The NHL and the NHL Players Association have agreed to terms on a return-to-play plan. The two sides have been working closely throughout the entire process, and their agreement was reached much quicker and smoother than what took place in Major League Baseball.
Not only did the two sides come to an agreement on how to finish off the 2019-20 season, but they also agreed to add a four-year extension to the current Collective Bargaining Agreement. The CBA will now last through the 2026 season, guaranteeing labor peace between the two sides.
The next step will be an official vote by all members of the NHLPA, but the players are expected to approve the plan and the new CBA extension. The NHLPA Executive Committee has already granted their approval, and it is expected that the league will be able to put the plan in place before the end of the month.
The return-to-play plan includes rules and guidelines for Phases 3 and 4 of the plan, and the league is expected to move to Phase 3 soon. The NHL created a return-to-play plan in May, and they have taken a very slow and detailed approach to resume the season.
Phase 3 involves the beginning of training camps, and these are set to take place in individual cities throughout the country. Players have been allowed to train at team facilities since June, but coaches and trainers have not been able to work with them.

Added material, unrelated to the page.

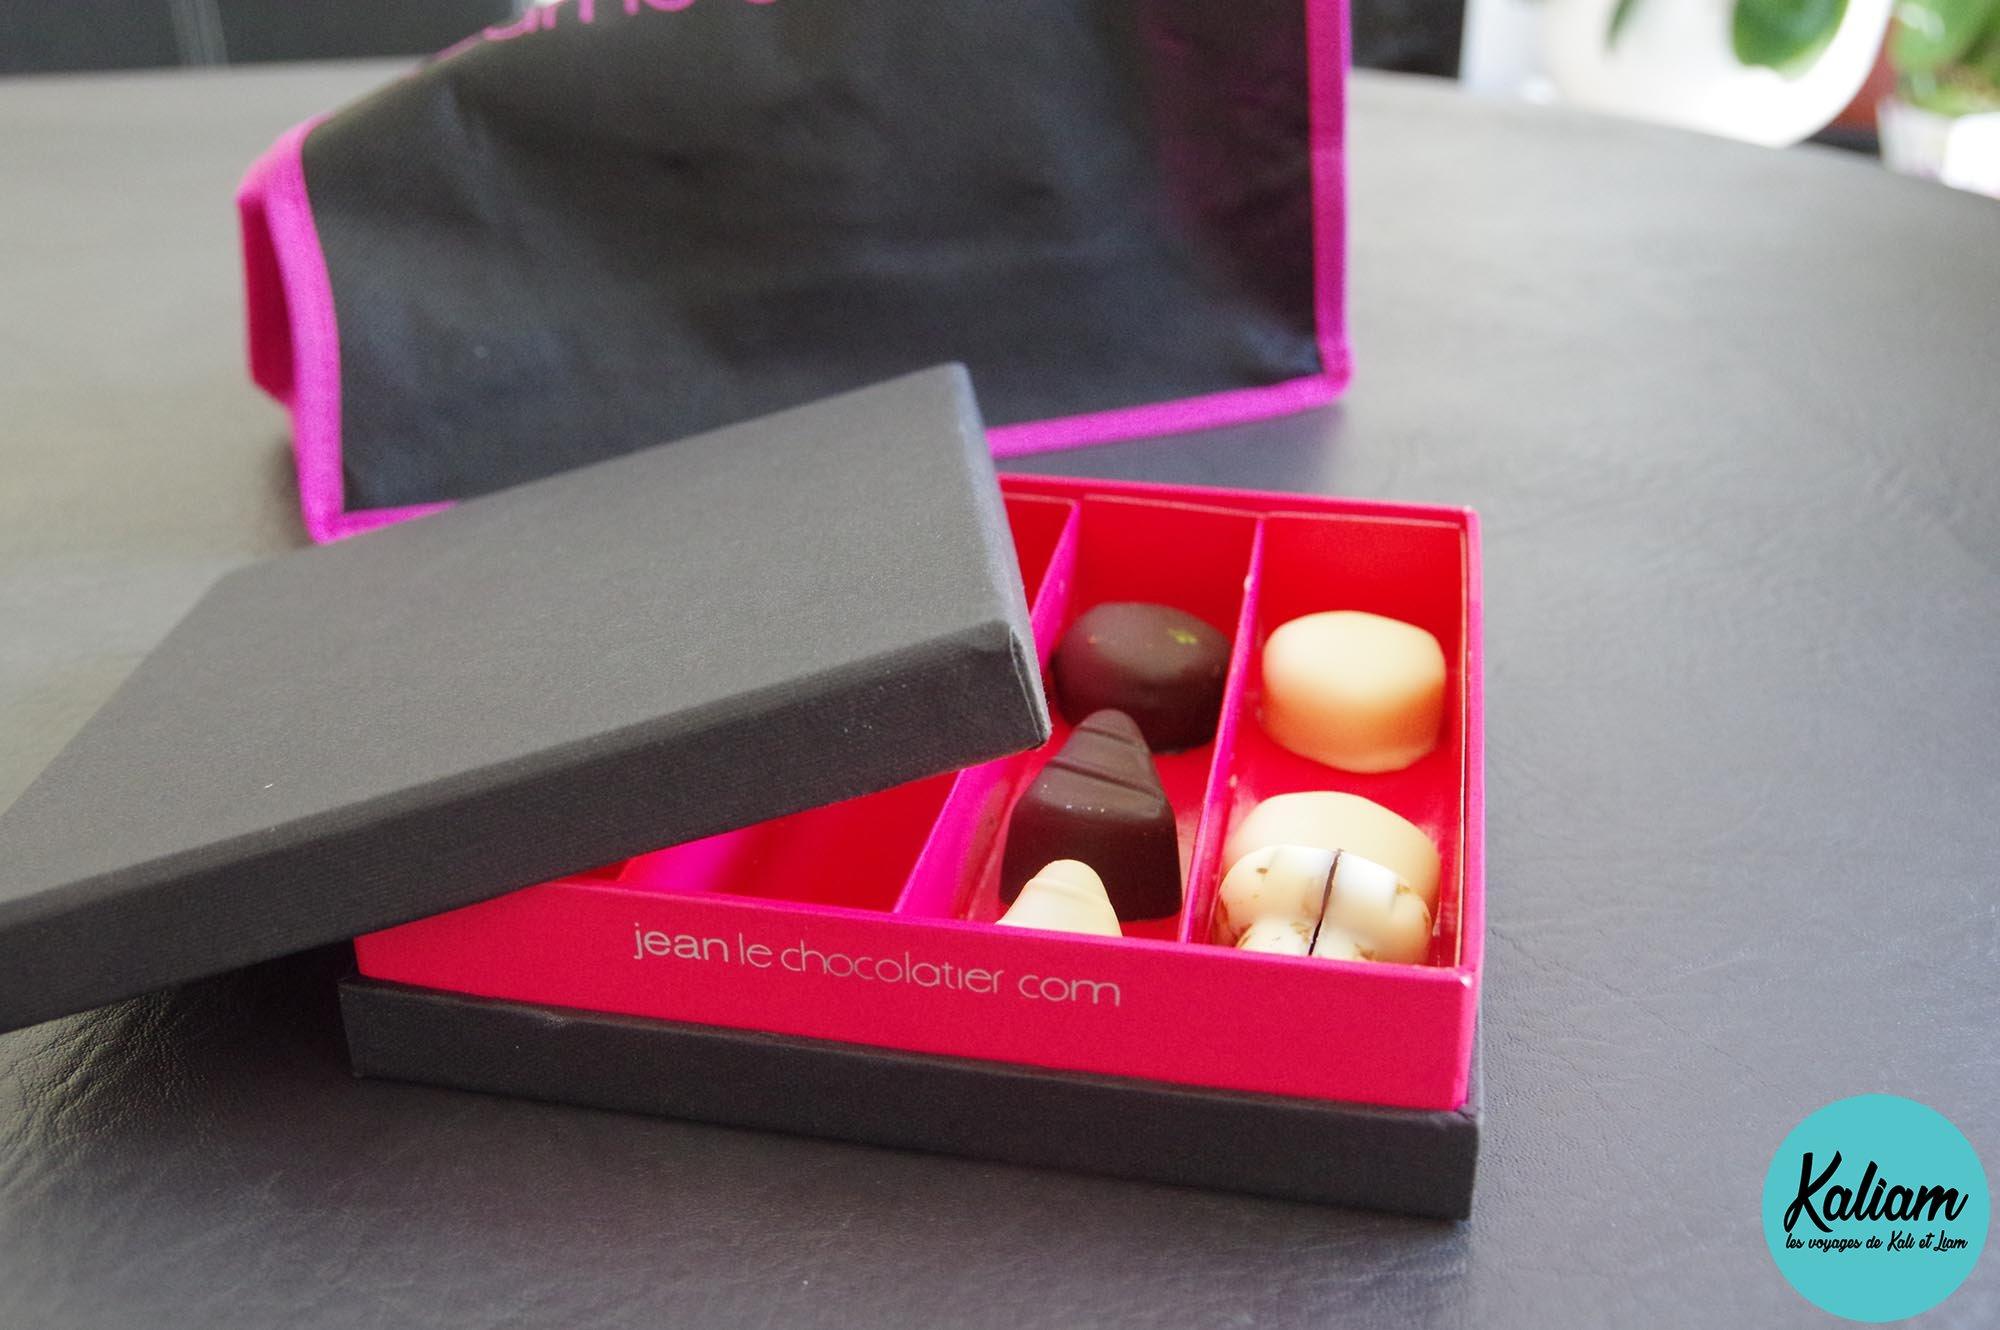 Jean le chocolatier de Habay
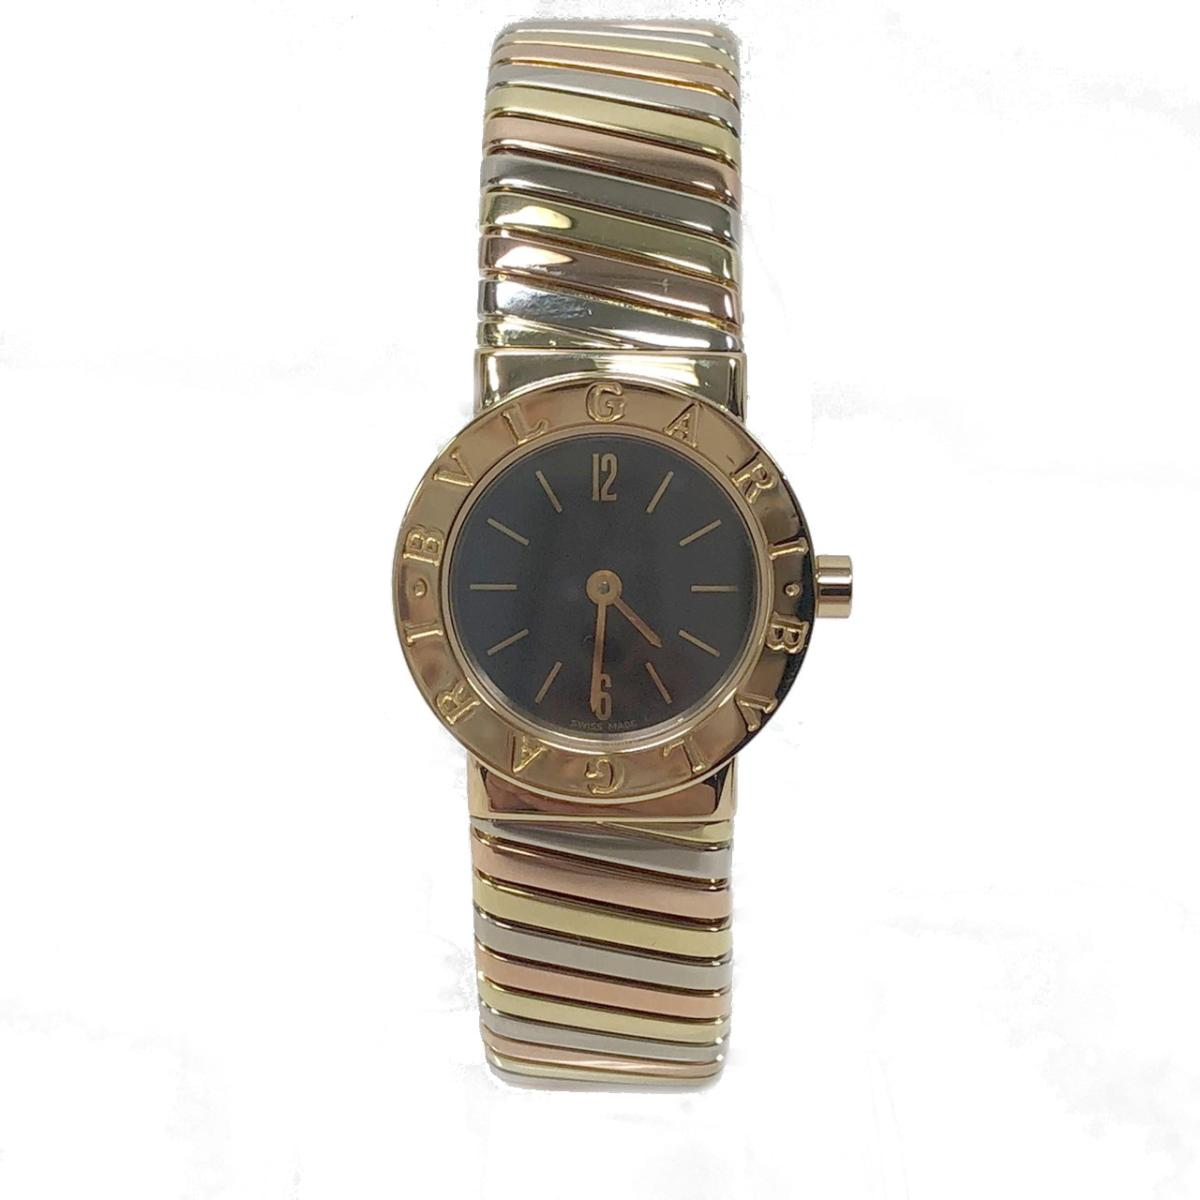 【中古】ブルガリ ブルガリ トゥボガス 腕時計 レディース K18YG (750)イエローゴールドイエローゴールド ピンクゴールド ホワイトゴールド (BB232T) | BVLGARI BRANDOFF ブランドオフ ブランド ブランド時計 ブランド腕時計 時計

Phase 3 also outlines how players will travel to hub cities, which is expected to begin on July 26. Teams can continue their training camps in these hub cities, and exhibition games can also be held.
Eastern Conference teams will be heading to Edmonton to restart the season, and Western Conference teams will be located in Toronto. The Stanley Cup Finals will take place in Edmonton.
The league will not move to Phase 4 until they are officially ready to resume the 2019-20 season. The NHL is planning to start the qualifying round on August 1, but the league could adjust that date if there are any setbacks before that time.
Twenty-four teams will be competing in the expanded playoff format this season, with the bottom eight teams from each conference competing in a best-of-three play-in round. The top four teams from each conference will play in a round-robin tournament to determine the playoff seeding.
All of the details from the plan have not been announced, but some details have been leaked to the media. According to the plan, players will have the opportunity to “opt-out” of the restart without any punishment, and they will not lose any salary.
The league has also outlined the process for players that test positive for COVID-19, but that plan has not yet been shared.
At Least 35 Positive Player Tests
The NHL announced that they had tested 396 players since June 8, which was the date that players could start training on their own. Twenty-three players have tested positive for COVID-19 since that date, and they have been forced to self-quarantine until their conditions improved.
The league also announced that they are aware of 12 other players that have tested positive for the coronavirus, but those players had not yet reported for workouts. The league has not announced the names of players who have contracted the disease.
There have been over 2,900 COVID-19 tests administered by the league since June 8, including more than 1,400 tests this past week. The league plans to test each player every day once the league moves into Phase 3 of the return-to-play plan.